Yesterday my wife of 11 years told me that she has been feeling tied down for a while now. She says she really enjoys her time alone. She feels that she has never been on her own, and she wonders what that would feel like. When I asked her if she wanted to be married anymore, she stated that she doesn't know.

We met when she was 21 and I was 27. I had been sowing my wild oats for awhile, but she was just out of college. We ended up living together for three years and then got married. We don't have children, just dogs. I cook most of the meals (restaurant background), and do most of the cleaning and all of the financial stuff. We both have good jobs, friends and we are pretty social. We are both pretty free to do anything we want, alone or together. Except sex with someone else.

In the last year she has lost a large amount of weight. This has resulted in her having more energy, wanting more sex and having more confidence. Especially from guys telling her that if she wasn't married they would like to date her.

Anyway, I knew this day would come, and even told her that at some point, because she was only 21, she might want to know what it's like to be "free". However, I guess I didn't see any signs of it, so I put it out of my mind. Big mistake on my part.

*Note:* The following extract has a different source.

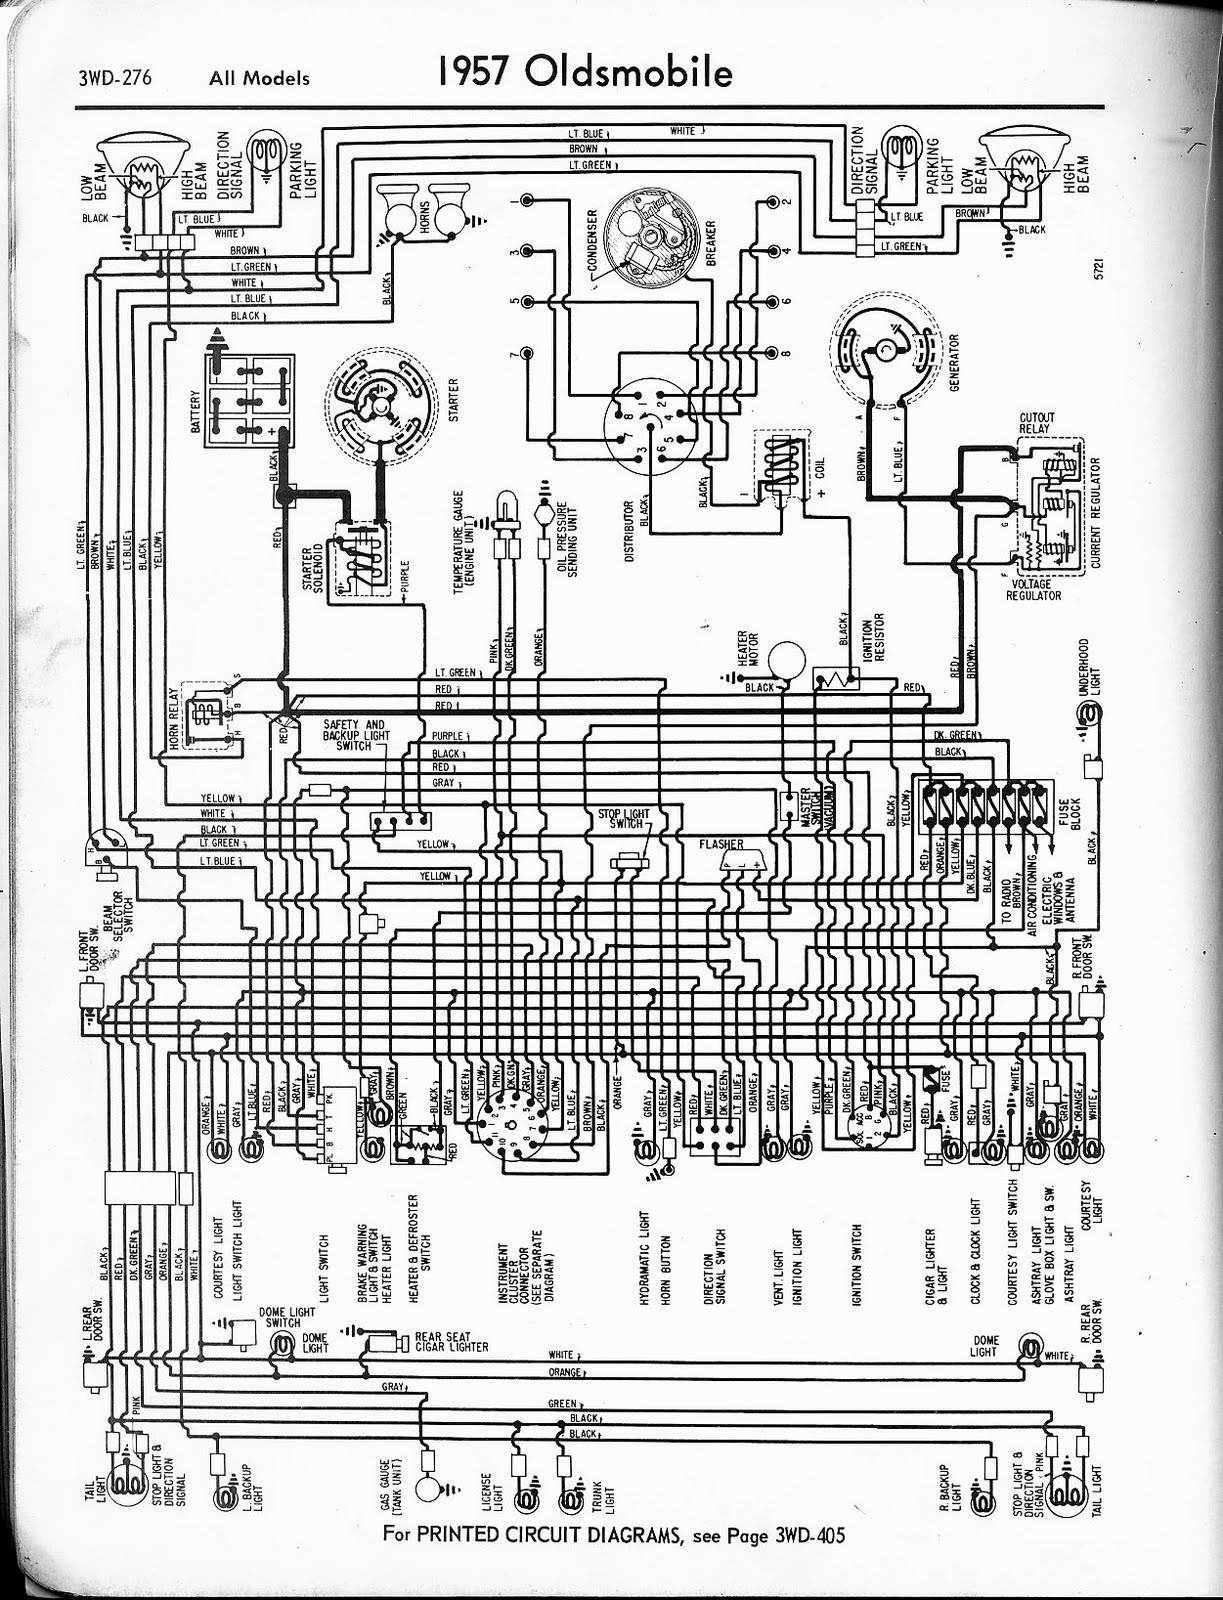 1990 Jeep Wrangler Ignition Wiring Diagram Aftermarket Fog Lights Free Auto Diagram: 1957 Oldsmobile For All Models

We are going to see a marriage therapist, so she can find out what she really wants to do. She also said I would have to make some big changes. And believe me, she will too.

My question to anyone who has been through this. Can a couple stay married when the other one wants to know what it's like to be on their own? I have my doubts.


----------



## troy (Jan 30, 2011)

Married to my high school sweetheart and on the verge of ending our marriage after bering together 30 years - married 23.

We both did not get a chance to be "free" before being married, and this has bothered both of us for some time. In fact, I this issue has a lot to do with us drifting apart over the years, and soon will be going our separate ways.

You were free for a while and you know that this gets old real quick, so you do NOT want to give up on your marriage knowing this part of life is not as appealing as it may seem (grass is greener on the other side of the fence).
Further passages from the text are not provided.